- Pitcher
- Born: June 28, 1967 (age 59) Berwick, Pennsylvania, U.S.
- Batted: RightThrew: Right

MLB debut
- July 18, 1995, for the Chicago White Sox

Last MLB appearance
- June 14, 2000, for the Chicago Cubs

MLB statistics
- Win–loss record: 21–13
- Earned run average: 4.21
- Strikeouts: 166
- Saves: 27
- Stats at Baseball Reference

Teams
- Chicago White Sox (1995–1998); Chicago Cubs (1998–2000);

= Matt Karchner =

American baseball player (born 1967)

Matthew Dean Karchner (born June 28, 1967) is an American former professional baseball player who was a pitcher in the Major Leagues from 1995 to 2000.

==Playing career==
Karchner graduated from Berwick High School in Berwick, Pennsylvania in 1985. He played college baseball as a third baseman at Bloomsburg University and led NCAA Division II with 1.59 runs batted in per game in 1988.

The following year, he was selected in the eighth round of the 1989 Major League Baseball draft by the Kansas City Royals. He was converted to pitching and was assigned to the Eugene Emeralds of the Northwest League to begin his professional career.

After three seasons in the Royals' farm system, Karchner was selected in the 1991 Rule 5 draft by the Montreal Expos. He signed a one-year contract with the Expos in January 1992 but was returned to the Royals that April.

Karchner spent two more seasons in the Royals' farm system before being selected by the Chicago White Sox in the minor league phase of the 1993 Rule 5 draft. To begin the 1994 season, Karchner was assigned to the Birmingham Barons where he played with Michael Jordan. Karchner made his Major League debut on July 18, 1995 at Yankee Stadium and pitched a scoreless inning in relief of Kirk McCaskill. Karchner was a regular in the White Sox bullpen for the remainder of that season as well as the following two seasons. Between 1997 and 1998, he set a franchise record by converting 20 consecutive save opportunities.

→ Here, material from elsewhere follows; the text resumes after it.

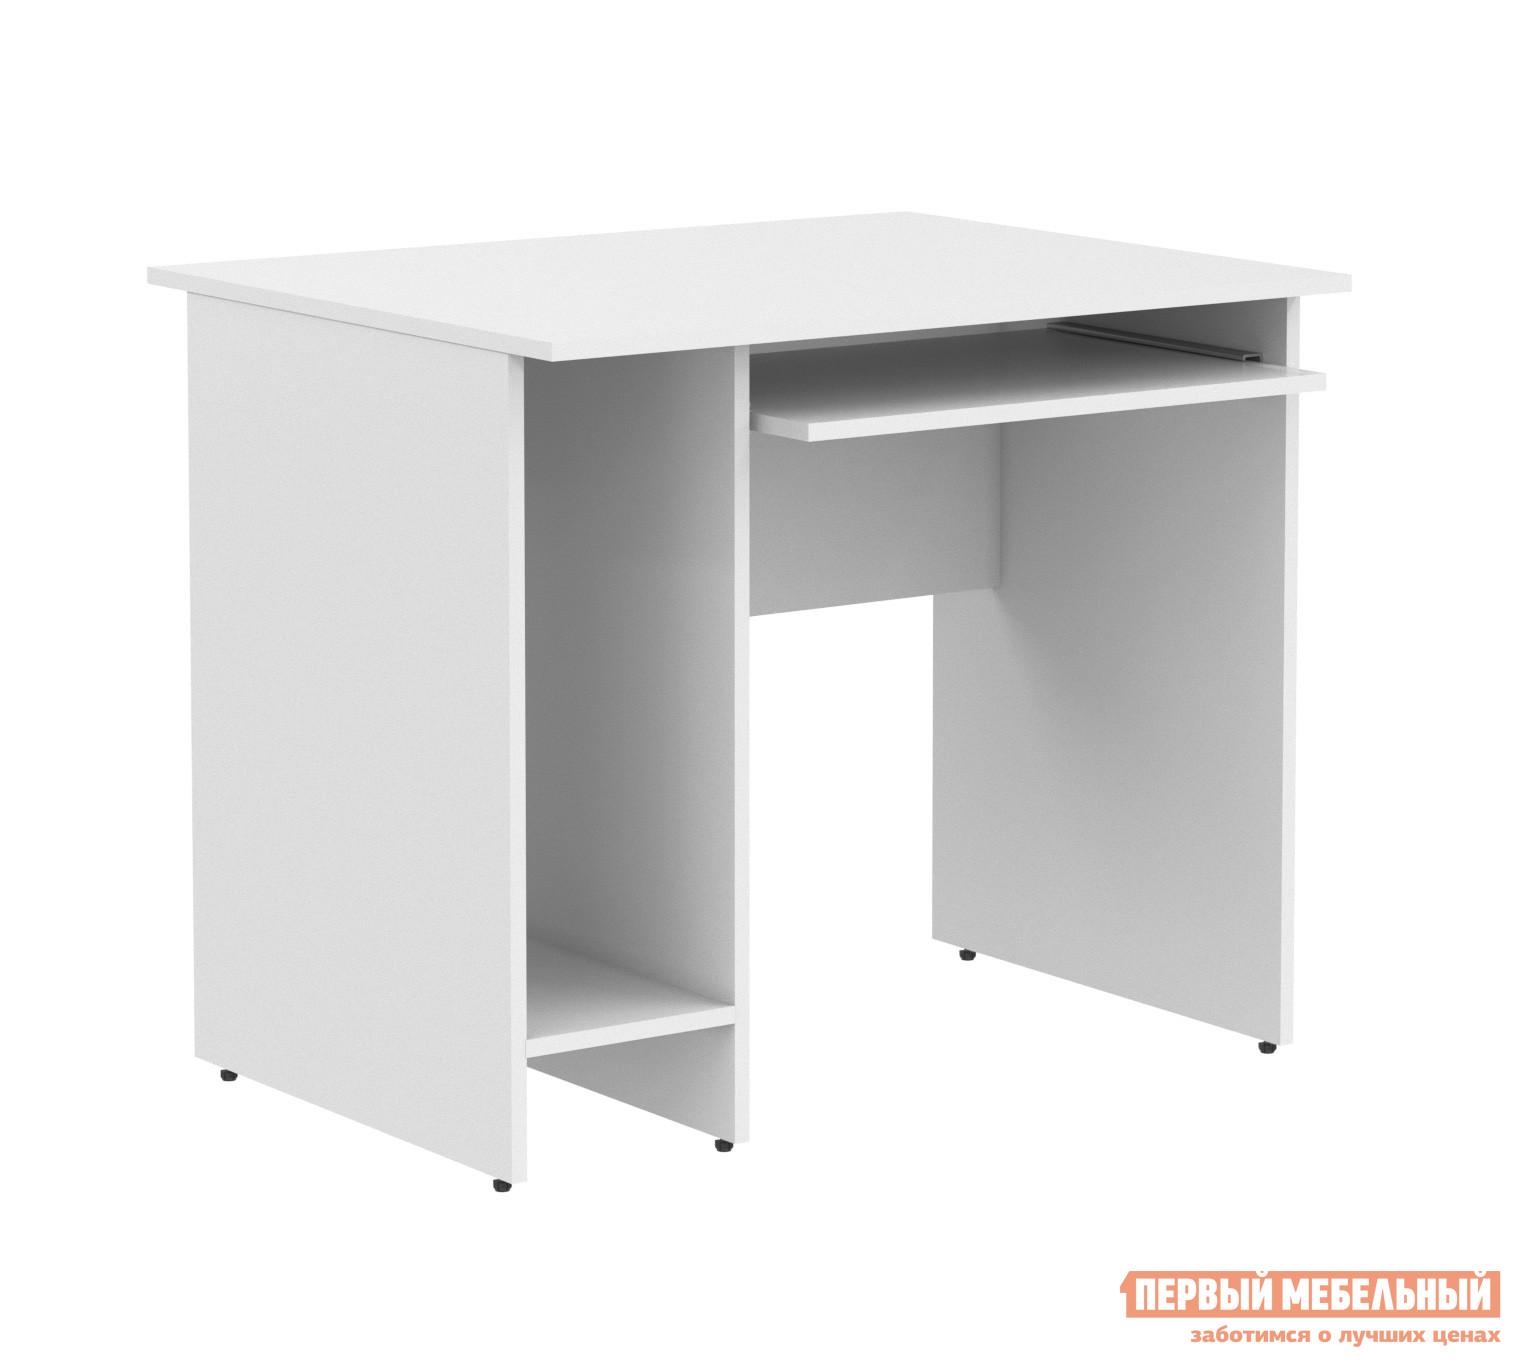 Компьютерный стол Тайпит СК-1 paulmann 92617

On July 29, 1998, Karchner was traded to the Chicago Cubs for Jon Garland who was then 18 years old and struggling in the minor leagues. The move was widely criticized by prospect experts at the time and was later described in the Chicago Tribune as "one of the most lopsided in [Cubs] franchise history" and in The Athletic as the "greatest White Sox trade ever." Karchner struggled in his debut season with the Cubs but was brought back the following year nonetheless. In 1999, he missed substantial time due to groin injuries. By 2000, Karchner's attitude had soured and manager Don Baylor chose to keep him in the minors with the Iowa Cubs due, according to Karchner, to his negative attitude. The Cubs released him in September 2000. Needing offseason shoulder surgery and facing free agency, Karchner chose to retire.

Karchner later told Mitchell Report investigators that, during spring training in 1999, he was present when two of his Cubs teammates injected each other with steroids in their shared apartment. He further reported that he had been offered steroids but declined to use them.

==Coaching career==
In January 2004, Karchner was named the interim head baseball coach at Susquehanna University. He resigned that position in June 2005.

==Personal life==
Karchner is married and has one daughter, born April 1, 1994. By the time his playing career ended, he had multiple children.